Intempestif et inespéré.
Voilà comment on peut caractériser l’émergence de ce mouvement d’indignation
collective dans l’Etat espagnol. Si on nous avait dit, le 14 mai 2011, que le
lendemain des milliers de personnes sortiraient dans les rues, que dans les
semaines suivantes les places seraient occupées, que des assemblées s’y
tiendraient et que le pouvoir serait défié par des actes de désobéissance
civile massifs, nous ne l’aurions pas cru. Mais les choses se sont bel et bien
passées ainsi. Deux ans et demi après l’éclatement de la « grande crise »,
les gens ont alors dit « Ya basta ! », « Ca suffit ! ».
[Sur la photo : "Nos rêves ne tiennent pas dans vos urnes !" ]
Photos de la manifestation de Madrid aujourd'hui
[Sur la photo : "Nos rêves ne tiennent pas dans vos urnes !" ]
Photos de la manifestation de Madrid aujourd'hui
Dans la périphérie de l’Europe, stimulés par les révoltes populaires dans le monde arabe, à la chaleur de la Qasba et de Tahrir, les gens ont récupéré et réoccupé l’espace public. Le « Printemps arabe » nous a rendu la confiance en nous-mêmes et dans la capacité collective à changer l’ordre actuel des choses. En regardant également du côté de l’Islande et de la Grèce, le 15M a rompu avec le scepticisme, la résignation et l’apathie ambiante. Un an après son éclosion, que reste-t-il de tout cela ? Qu’a-t-on obtenu ? Quels défis et perspectives sont devant nous ?
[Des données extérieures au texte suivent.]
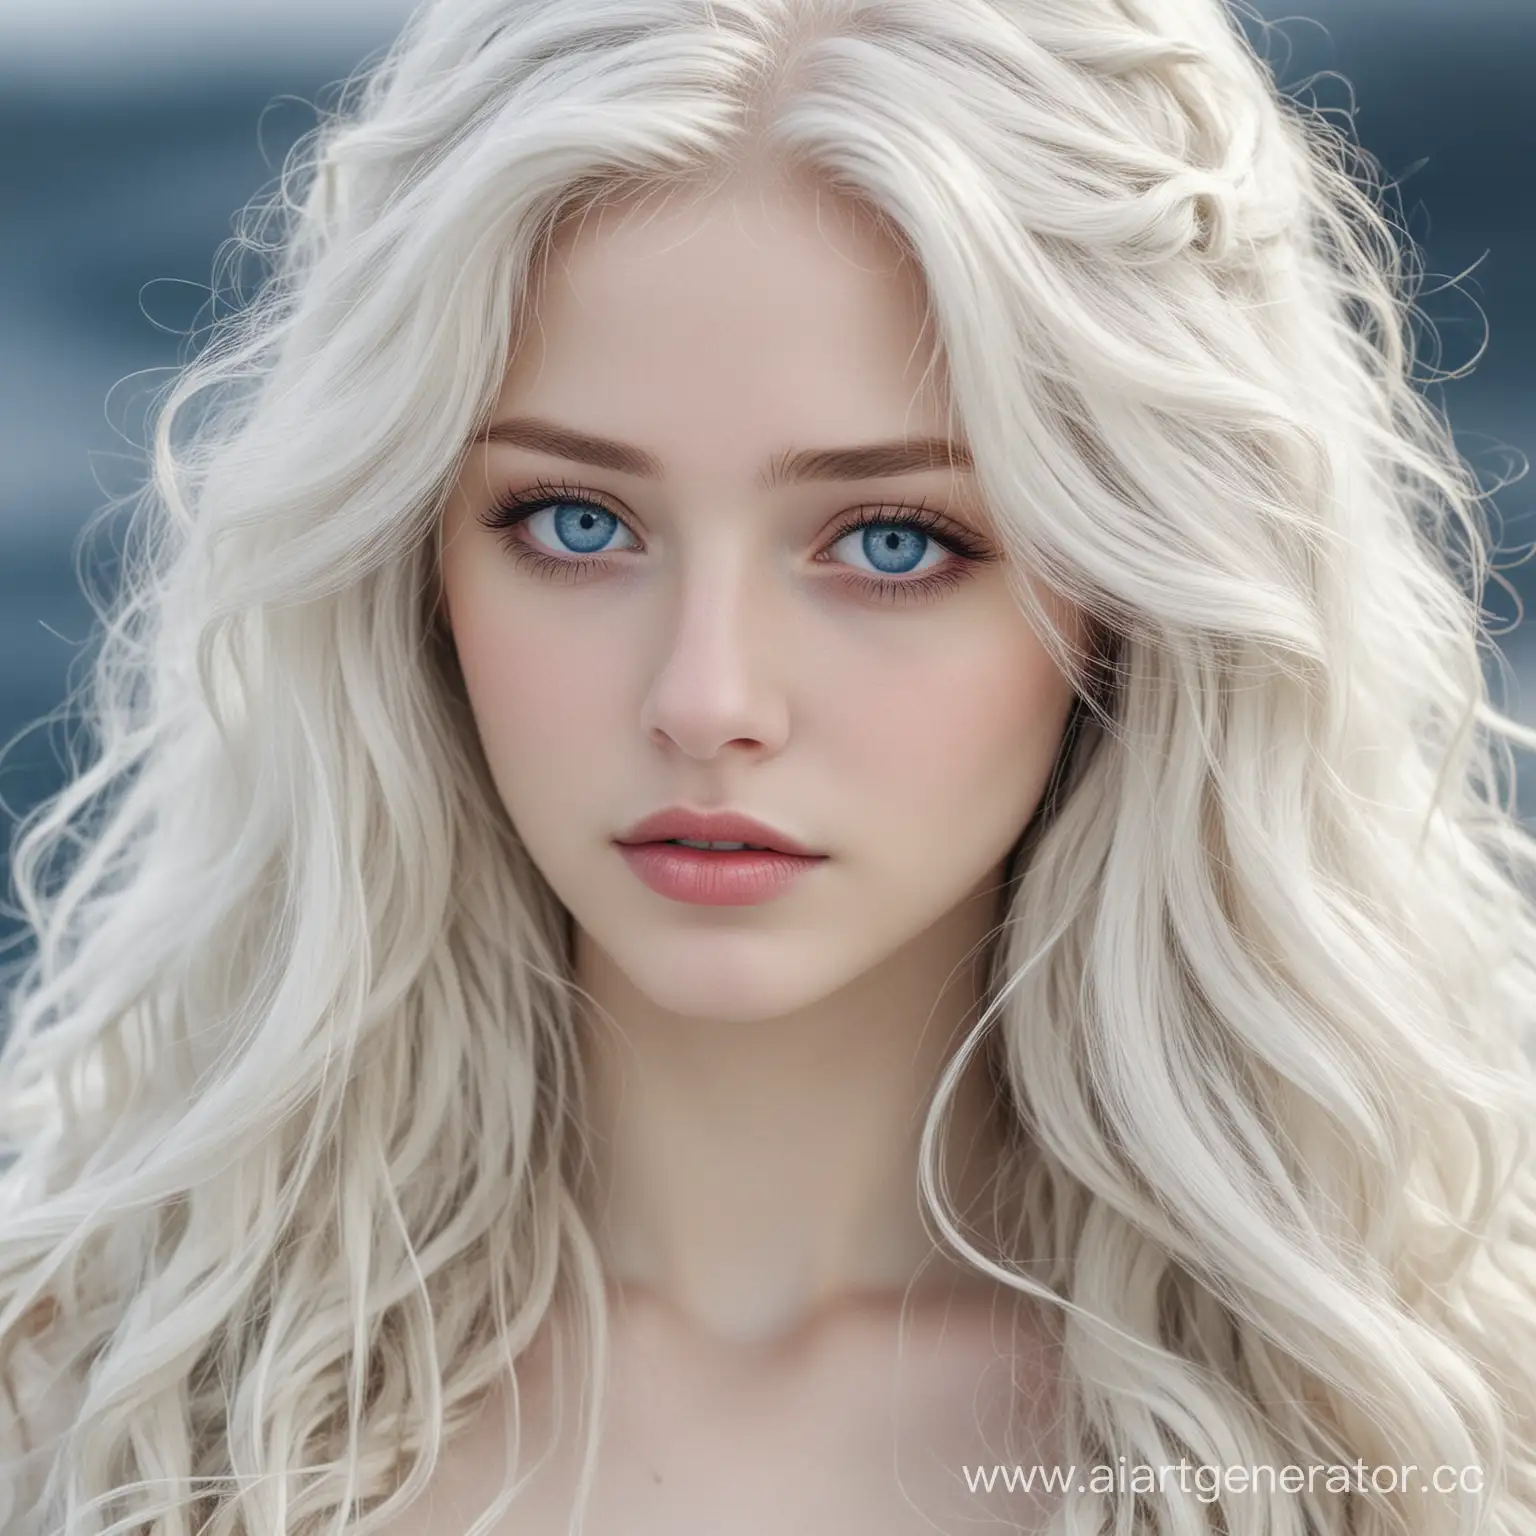 девушка, принцесса, длинные волнистые белые волосы, голубые глаза, бледная кожа, холод, север, строгость

Ce mouvement d’indignation collective dispose toujours d’une forte légitimité.
Au-delà des milliers de personnes qui ont occupé les places, participé aux
assemblées et manifesté dans les rues, de nombreuses autres se sont senties «
représentées » par ce raz de marée indigné. Effectivement, avec un taux de
chômage de 23%, 174 expulsions de logement par jour et un foyer sur cinq vivant
en dessous du seuil de pauvreté, comment ne pas s’indigner, se révolter et
désobéir ?
Le 15M a été capable de dépasser l’habituel noyau d’activistes protestataires
en stimulant une nouvelle génération militante et en amenant de nombreuses
personnes à se lever de leur confortable fauteuil. Ce sont ces jeunes,
écologistes, femmes, anciens… qui ont composé le « peuple de la Plaza del Sol » à Madrid ou
de la « Plaza de Catalunya » à Barcelone.
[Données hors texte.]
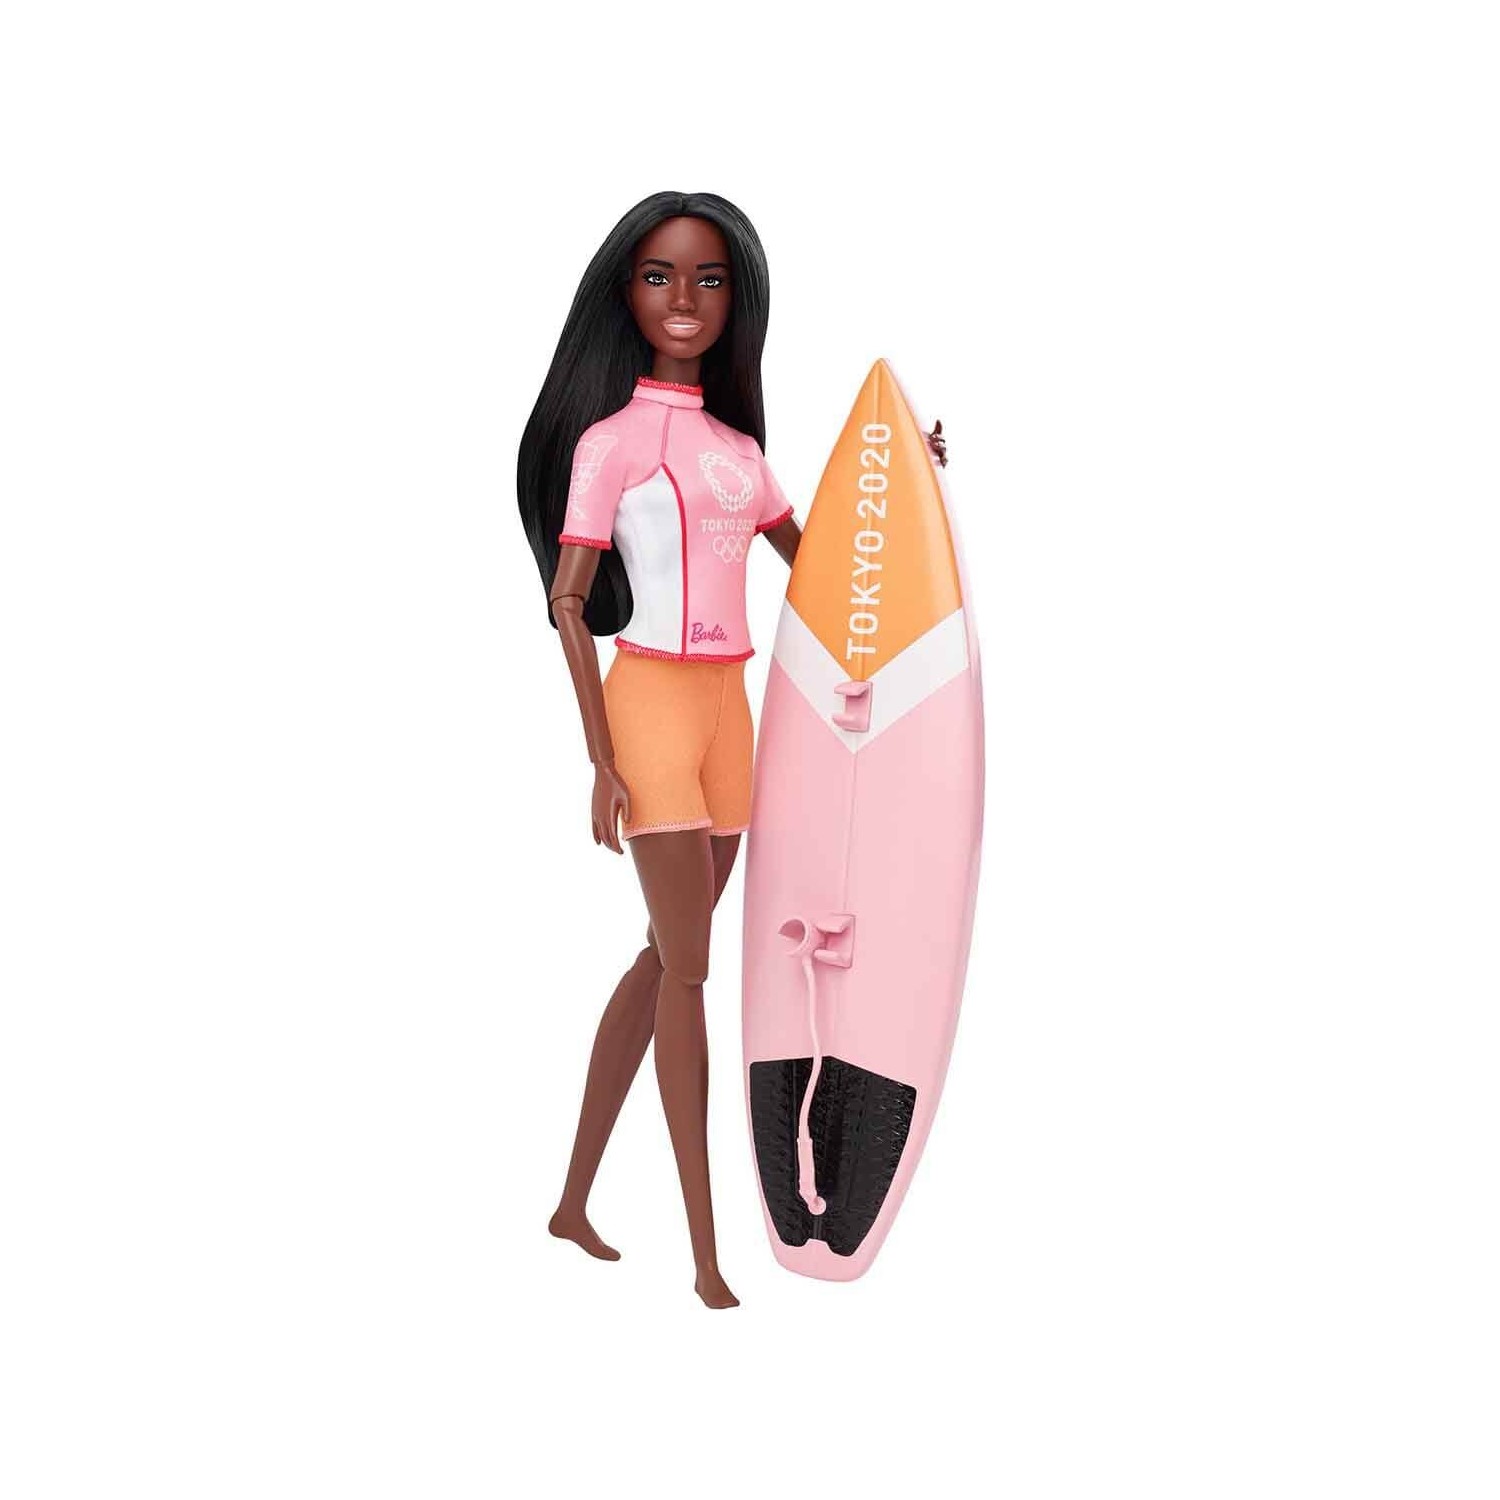 Кукла Barbie на серфинге GJL73 кукла barbie олимпийская спортсменка gjl73 скейтбординг

Un an après le 15M, nous voyons comment, tant le pouvoir économique que le pouvoir
politique, ont été condamnés comme socialement responsables de la crise, et
cela en mettant en mettant en lumière les liens étroits et la complicité
qui les unit. C’est une démocratie de basse intensité qui a été démasquée ainsi
que sa confiscation par le pouvoir financier. Démocratie au sein de laquelle
ceux qui gouvernent ne sont pas au service des 99% mais bien du 1%.
On est parvenu à modifier l’imaginaire collectif et le panorama de fond. Si la
crise a représenté un tremblement de terre social, politique et économique,
l’émergence du 15M a, de son côté, provoqué un processus de
repolitisation de la société.
La profondeur de la crise et l’émergence du mouvement ont permis de « penser
grand » et « d’agir en grand ». Aujourd’hui, on n’exige plus simplement la
réforme du système bancaire, mais bien l’expropriation et la nationalisation
des banques, le refus de payer une dette injuste, illégitime et illégale. Le
répertoire d’actions s’est amplifié et radicalisé car il ne suffit plus
seulement de manifester et de sortir dans les rues ; aujourd’hui on occupe les
places, on bloque le trafic, on empêche les expulsions de logement…
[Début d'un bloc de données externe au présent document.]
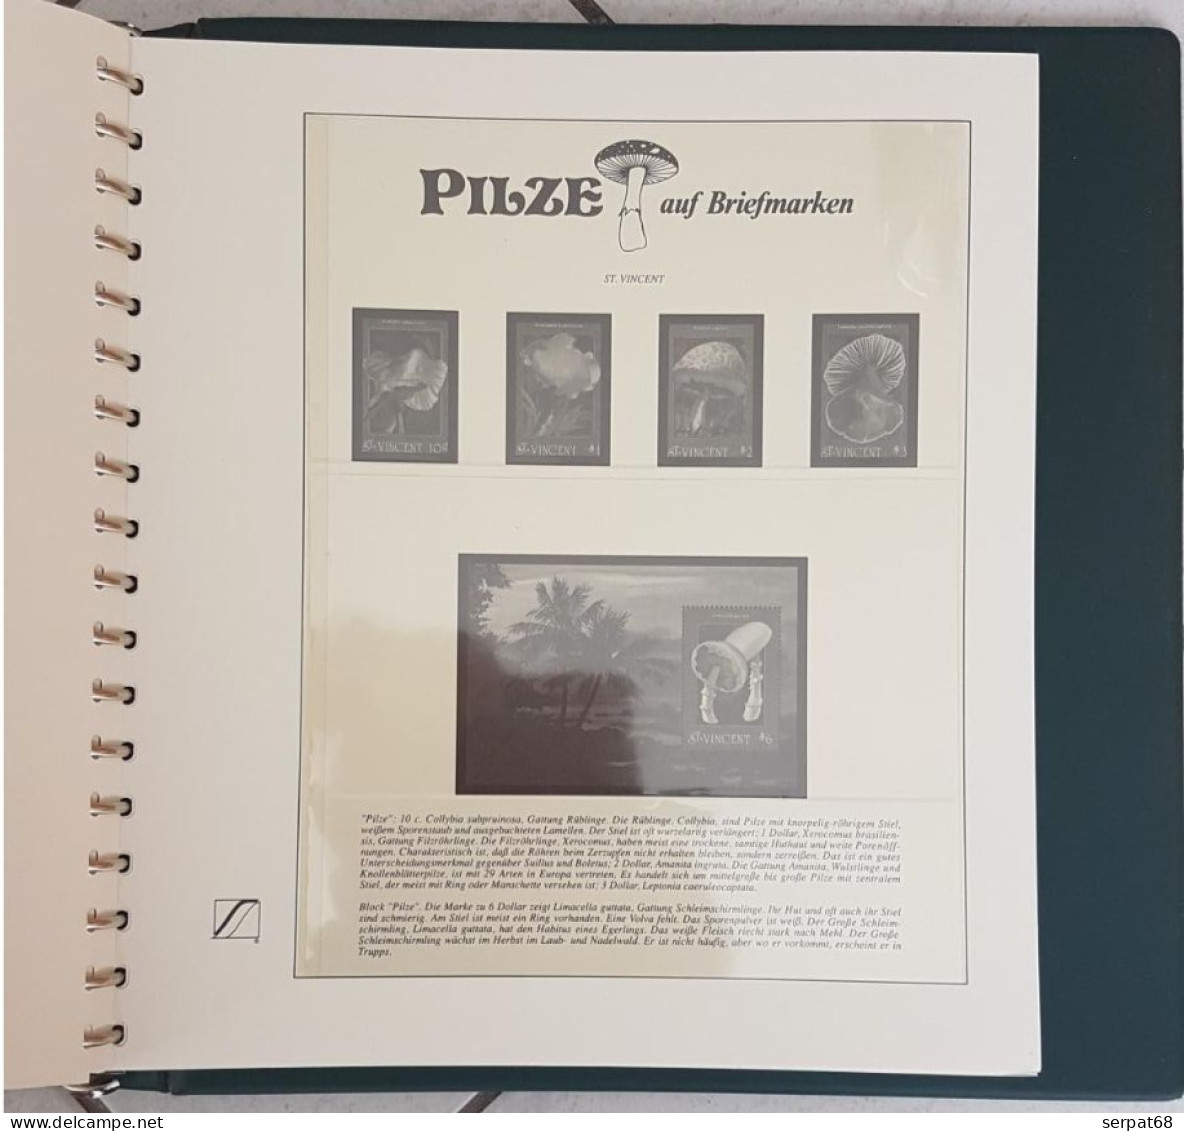 Album pré-imprimé pour timbres Champignons - Pilze auf Briefmarken

La crise met en relief le fait que, souvent, ce qui est « illégal » est
légitime tandis que ce qui est illégitime est précisément ce qui est « légal ».
Occuper des maisons ou des banques est punissable tandis qu’expulser des
familles ou les escroquer est parfaitement légal. Face à une réalité aussi
injuste, pourquoi alors ne pas désobéir ou soutenir ceux qui le font ? C’est ce
qui constitue l’une des plus grandes victoires du 15M : légitimer ces formes de
luttes et les rendre socialement acceptables.
Quels défis et quelles perspectives sont devant nous ? Changer le monde de base
n’est pas une tâche facile, ni immédiate et c’est pour cela que le philosophe
Daniel Bensaïd soulignait qu’il est nécessaire de s’armer d’une « lente
impatience ». Il faut reconstruire un autre rapport de forces entre ceux qui
disposent du pouvoir et la majorité de la société et le chemin pour ce faire
sera long et pas toujours linéaire, ni prévisible. Dans ce sens, le 15M n’est
qu’un prologue du cycle de luttes qui a commencé. En même temps, au-delà de
quelques acquis défensifs, arracher des victoires concrètes est extrêmement
difficile. Malgré le fait que l’indignation et le malaise social s’accroissent,
les politiques d’austérité s’intensifient.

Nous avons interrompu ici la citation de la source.